Funder (or Investor) Risk

Risk and innovation go hand in hand. When you start a new company, the major risk you face is not succeeding. Some argue that a tolerance for failure is the defining characteristic of Silicon Valley—that it is the only place on the planet where the experience of failure is almost as valued as the experience of success.

The key difference for the social sector, though, is that more is at stake than simply not making money. When you innovate for social change, the major risk you face is what economists call “opportunity cost.” Opportunity costs are the costs incurred by having tried something at all. Everybody has limited time and attention, and each time you choose to do something there is a risk that doing something else would have led to a greater return.

Nonprofit funders seem to feel that opportunity risk more than for-profit funders.
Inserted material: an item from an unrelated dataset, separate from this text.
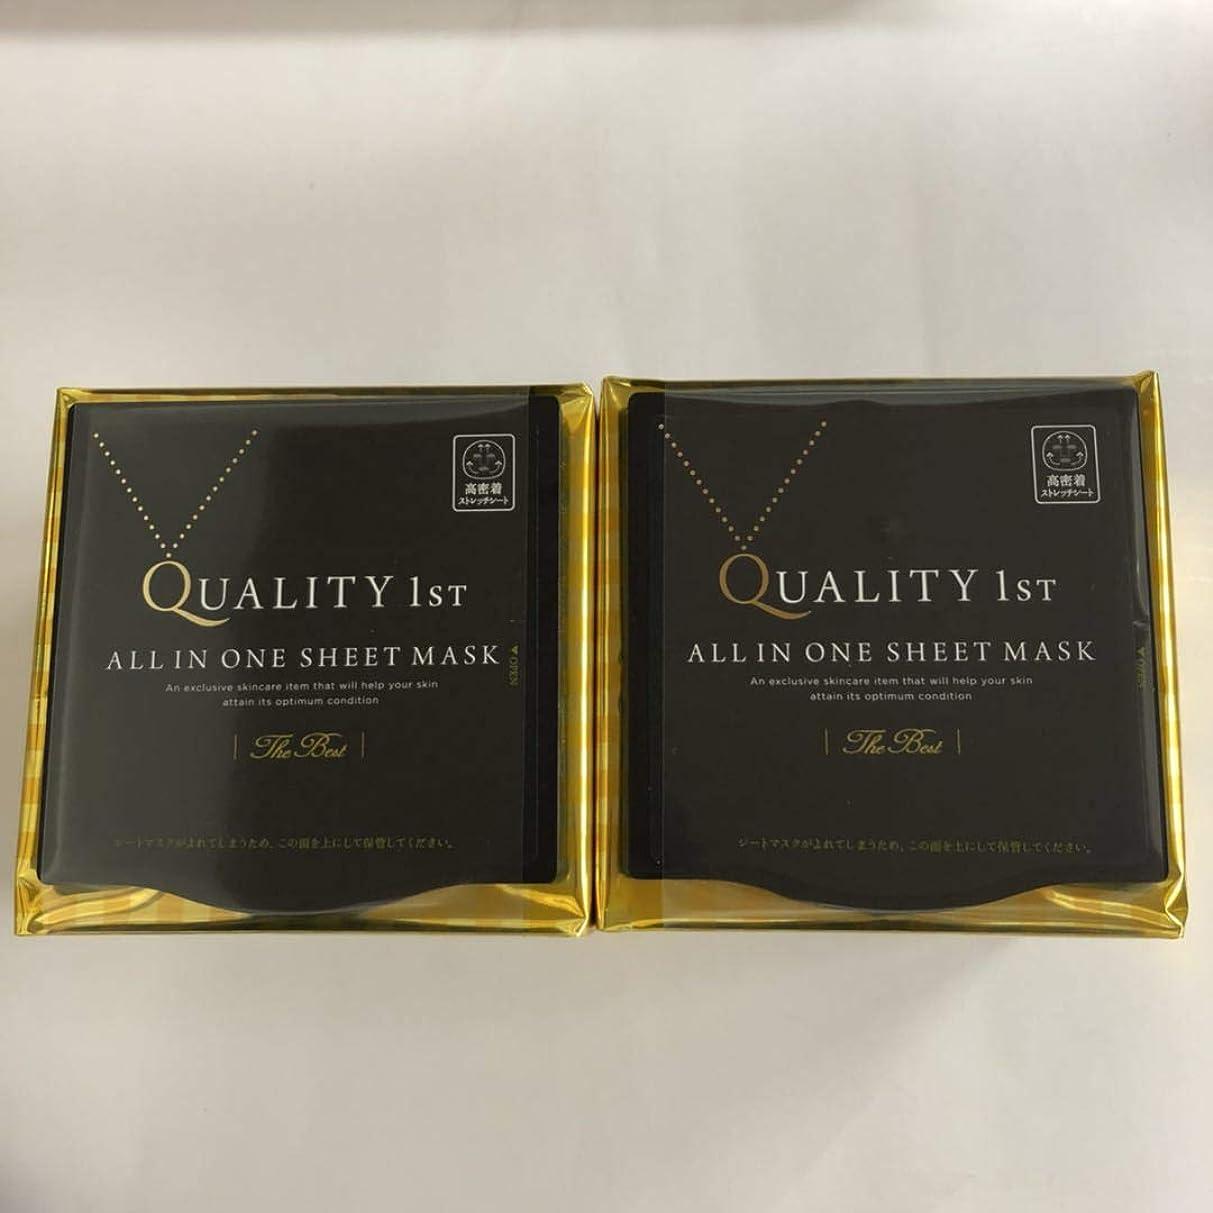 努力する服スピーカーオールインワンシートマスク ザ?ベストEX (30枚) BOX 2個セット+角質ケアサンプル2PC

When for-profit investors and entrepreneurs make a risky investment on a new initiative, it’s a given that they may lose all their money, and also a given that the payoffs (or upside risk) are substantial. In the social sector, funders are less sanguine about the risks they are incurring because they are constantly trading off donations to one cause versus another. There’s not as clear a metric at the end of the day as there is in the private sector (return on investment). Instead, there is some real regret that, but for that risky failure, more good could have been done.

Individual Risk

The upside risk to individuals is also a consideration. Founders of for-profit startups are at least partly motivated by a big financial upside, whereas social entrepreneurs are often considered to risk nothing but reputation. Consider, though, the longer-term risk profile. A business entrepreneur may take big risks a number of times in her career, counting on luck and experience to lead to one or two “home runs” financially speaking (big bonuses, stock options, and other advantages) that provide a basis for retirement and security as she ages. A social sector entrepreneur has no similar “home run” horizon, at least financially. It’s not news that you don’t make as much money in the social sector, but the emphasis in the lean startup on fearless exploration and failing fast brings home the individual dimensions of these career choices.
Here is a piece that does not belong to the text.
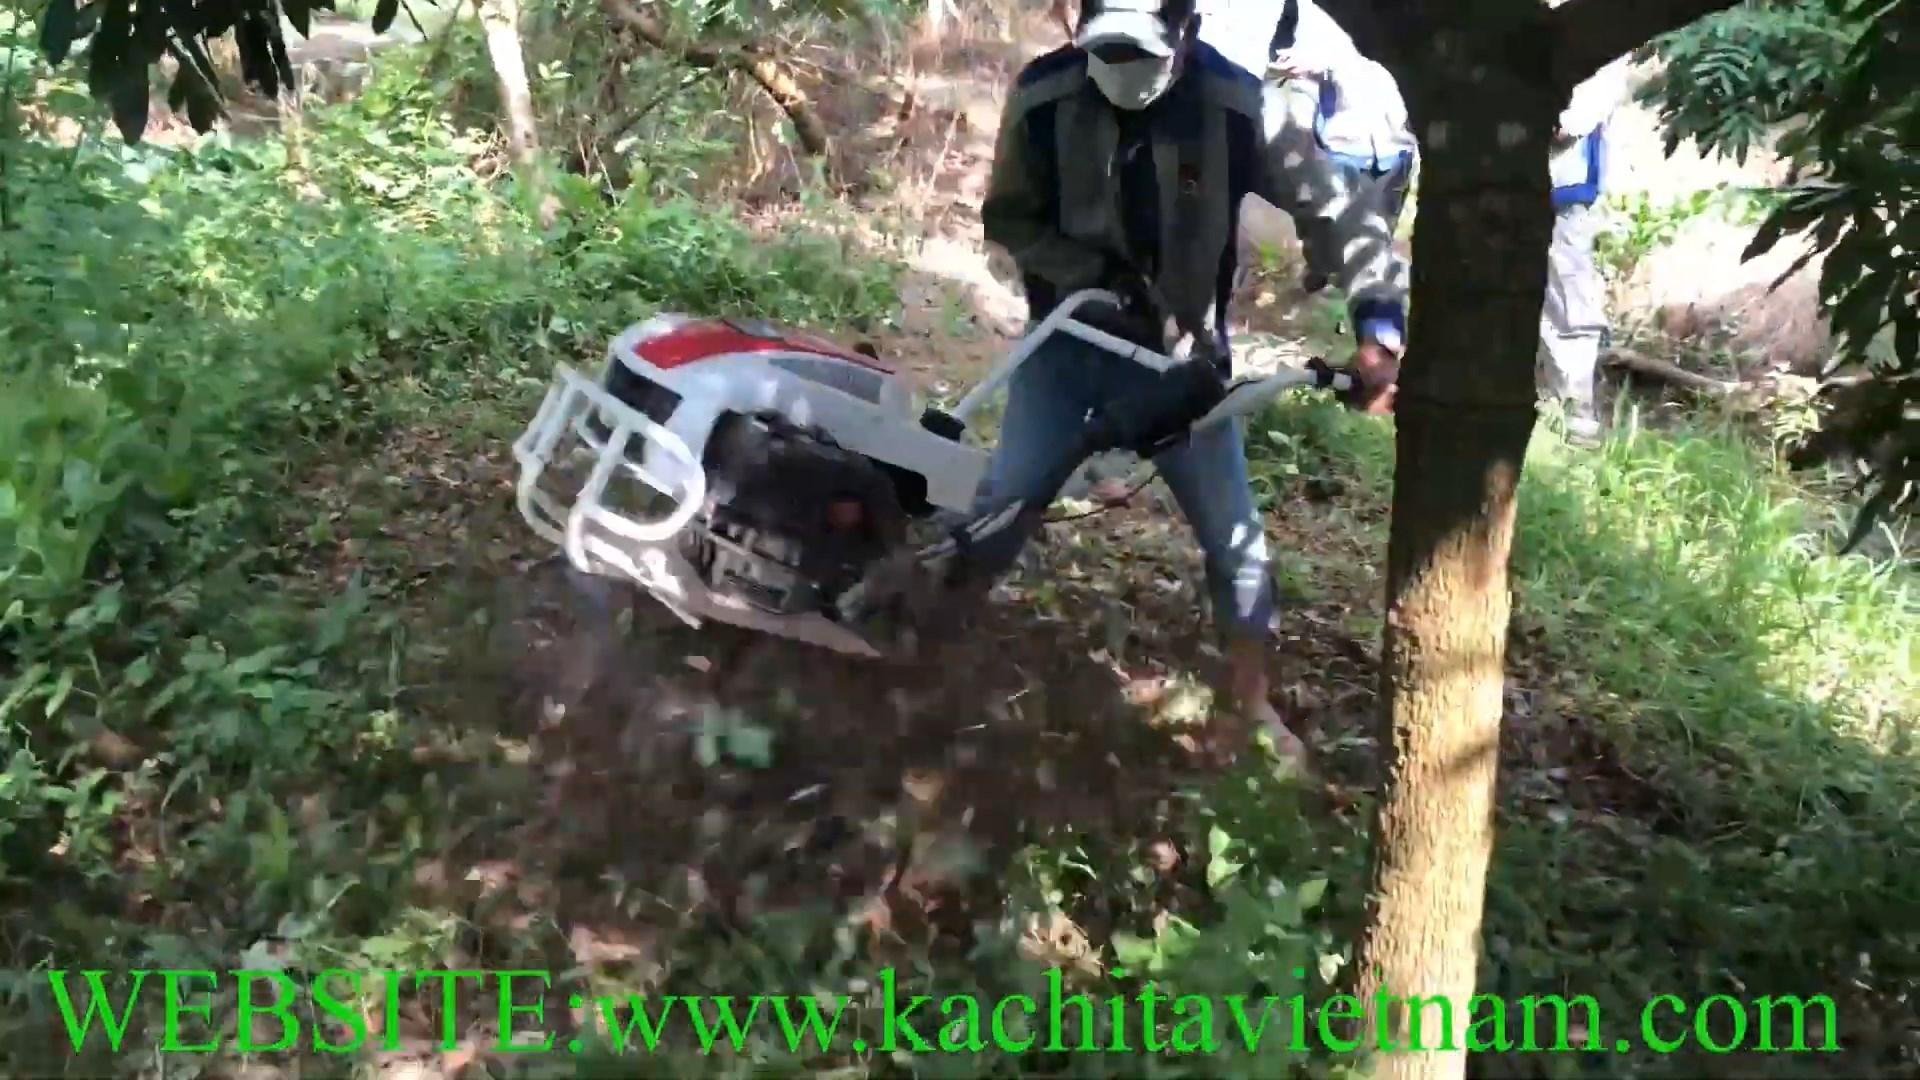 xạc cỏ vườn cây ăn trái bằng máy xới đất chạy xăng kachita

Risk to “Customers” or the Field

Remember the “fail fast/can’t fail” paradox we discussed earlier? A corollary is that, because social and political capital is a key part of social sector innovations, there is a risk that the experimentation inherent in the lean startup will wear out not the financial capital, but the political and social will necessary to take action. The innovation may itself lead to participants in the relevant field getting “innovation fatigue.” An extreme example of this may be public support for the US war in Iraq. Given bottomless political will, the US military might eventually have found a way to stabilize that country, but the public’s appetite for continued involvement and Iraqis’ own patience for foreign occupation clearly wore thin well before a stable political and military situation could be established.

Inertia or even backpedaling can overcome a social sector initiative that takes too long or makes too many pivots in its search for a solution. Opponents of the innovation (think insurgents in Iraq) may also capitalize on this fatigue. This is a risk that also needs to be carefully managed in any situation, but one a lean startup particularly needs to deal with.

There are more differences between the for-profit and nonprofit sectors, but this chapter has covered those most important to making the lean startup happen. It’s time to start making change!